High-risk AI systems will give rise to obligations relating to data quality and governance, documentation and record keeping, conformity assessment, transparency and provision of information to users, human oversight, robustness, accuracy and security.
The Proposal envisages an EU-wide database for stand-alone high risk AI systems with fundamental rights implications to be operated by the European Commission and provided with data by the providers of the AI systems prior to placing them on the market or otherwise putting them into service.
Providers of high risk AI systems will be required to establish and document a post-market monitoring system and to collect, document and analyse data on the performance of the AI system and report serious incidents and malfunctioning to the market surveillance authorities.
Low Risk and Minimal Risk Systems
AI systems which do not qualify as prohibited or high-risk systems are not subject to AI specific requirements other than disclosing the use of AI to the users.
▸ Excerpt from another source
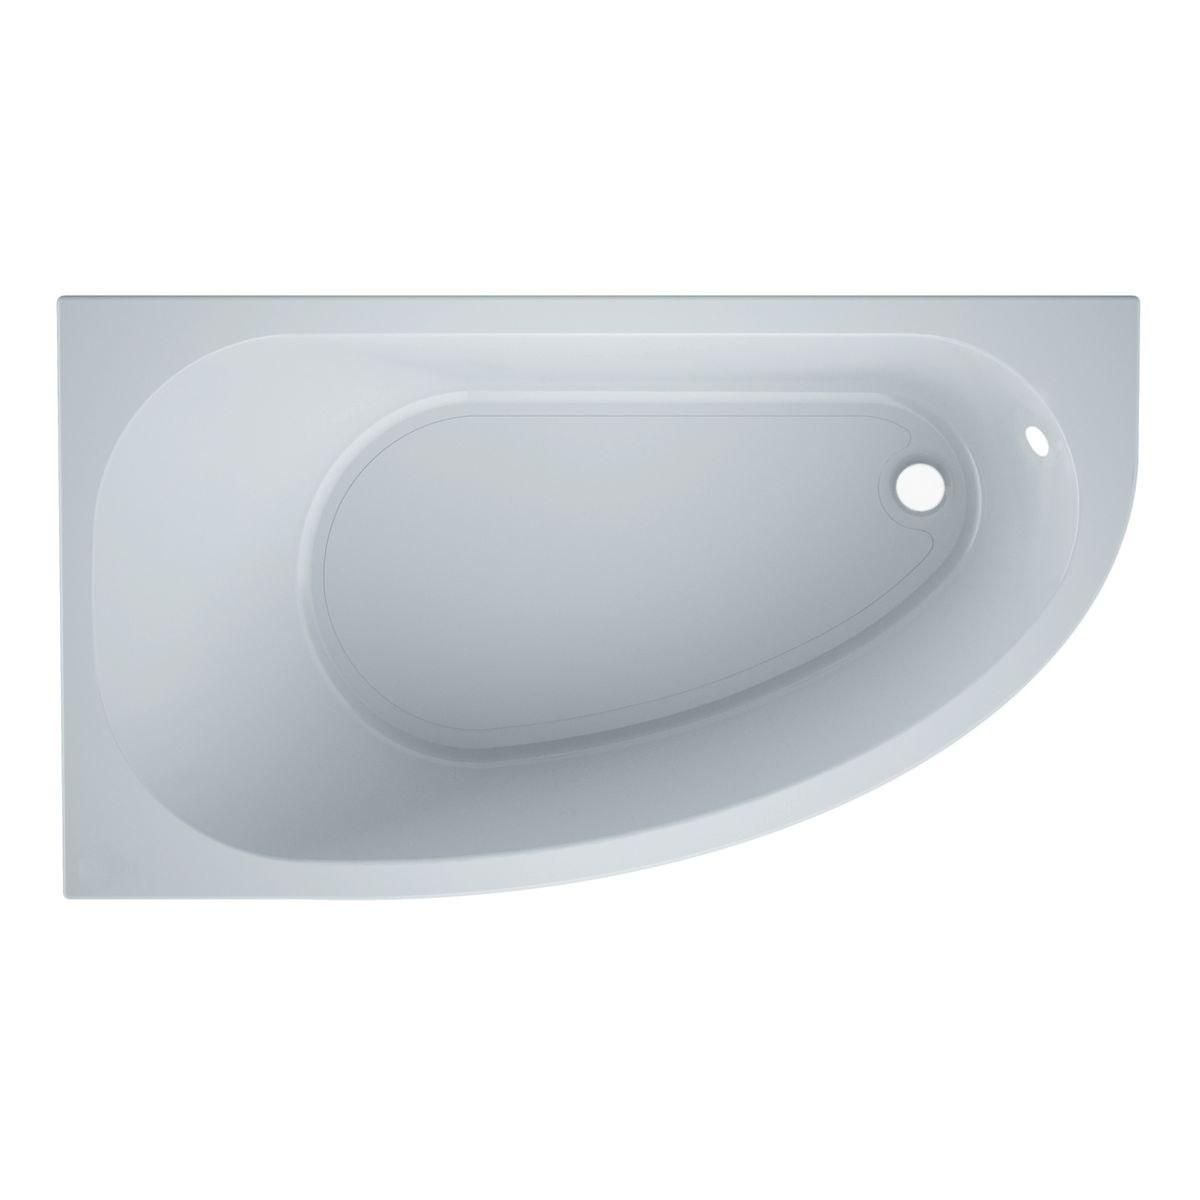 Vasca da bagno quadrata top capri with vasca da bagno for Livella a bolla leroy merlin

However, they could choose to adopt a code of conduct with a view to increasing their AI systems’ trustworthiness.
Enforcement and Sanctions
The Proposal provides for a two-tier AI governance system – at European Union and national level. At Union level, it is envisaged that an Artificial Intelligence Board composed of representatives of the Member States and the Commission will be created to facilitate harmonised implementation and cooperation. At national level, each Member State will be expected to designate one or more national competent authorities and a national supervisory authority.
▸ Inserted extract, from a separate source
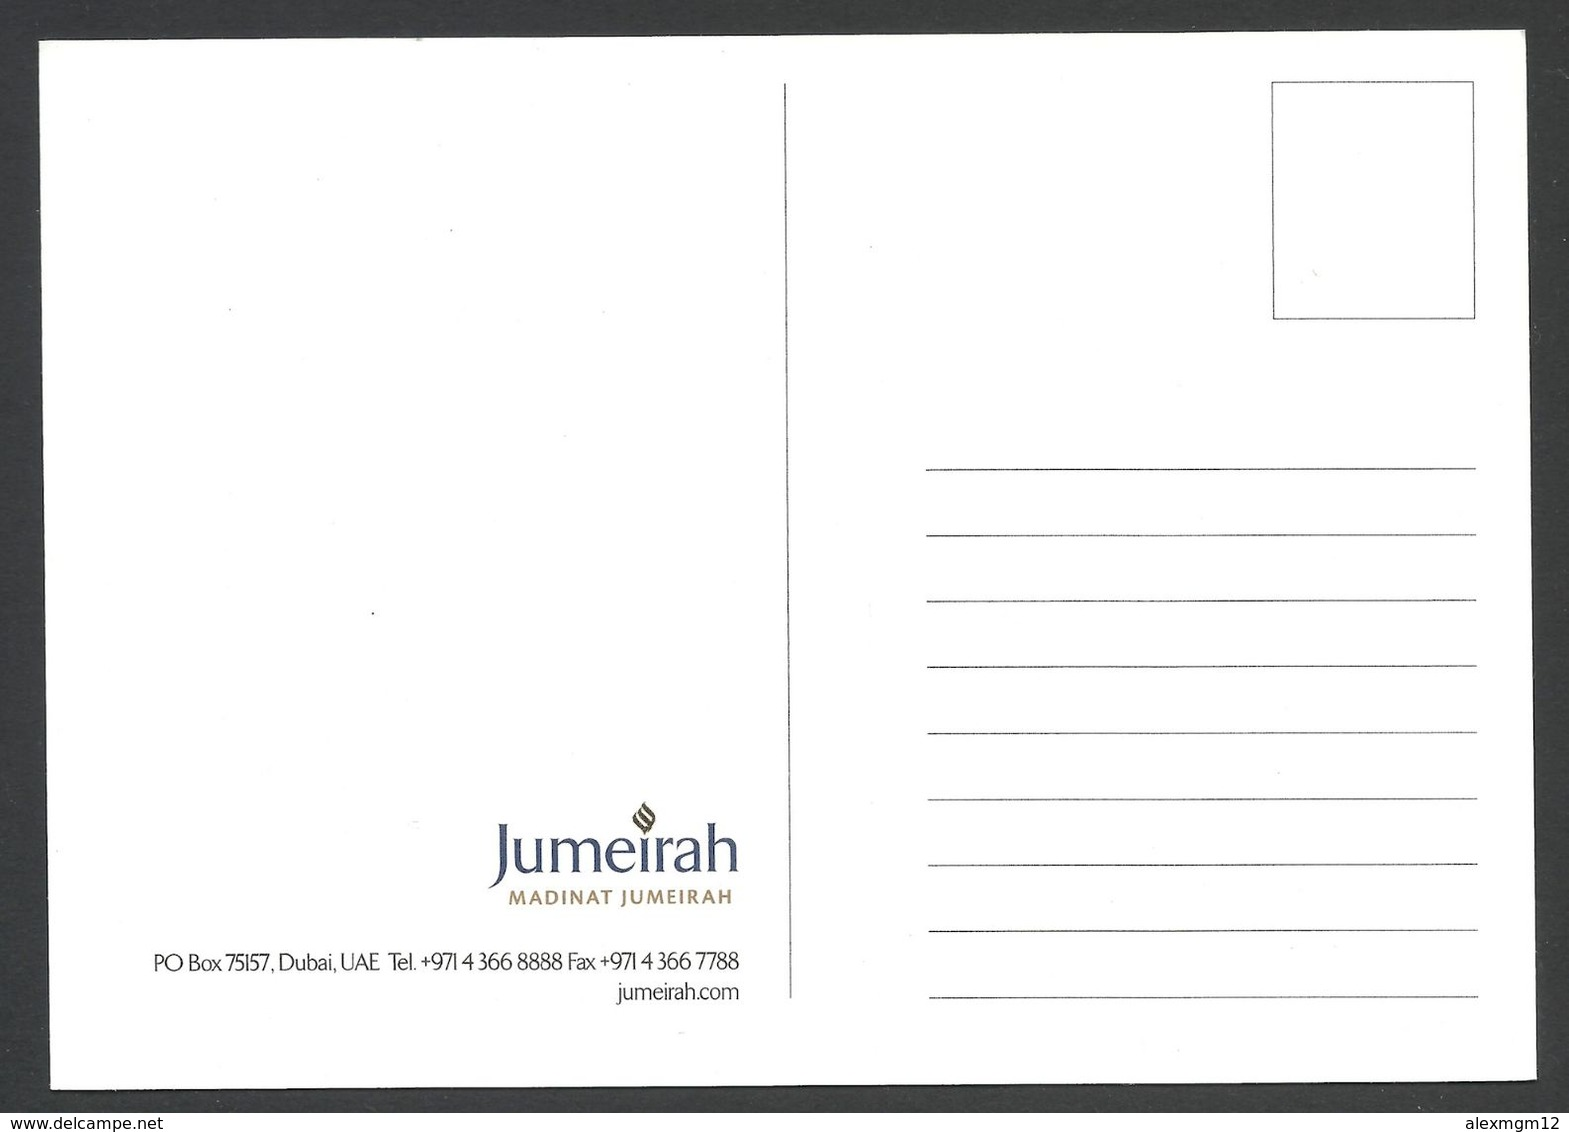 Madinat Jumeirah, UAE. - United Arab Emirates

It is envisaged that non-compliance of an AI system with requirements or obligations provided for in the Proposal will result in, among other sanctions, administrative fines. The Proposal sets out three sets of maximum thresholds for administrative fines that may be imposed for relevant infringements ranging from the higher of €30m or 6% of the total worldwide annual turnover of the offender to the higher of €10m or 2% of the worldwide annual turnover of the offender.
The Proposal is still at the early stages of the European legislative process. Its human-centric, risk-based approach and obligations relating to record keeping, transparency and reporting as well as the introduction of significant administrative fines evoke parallels with the European General Data Protection Regulation. The definition of an AI system as well as the approach to determining the category of risk of an AI system have already been criticised as requiring extensive analysis and having the potential to add significant compliance costs for users and providers. It remains to be seen whether the Proposal will meet with the support of the European Parliament and of the Council and whether it will be successful in setting a new global standard for AI.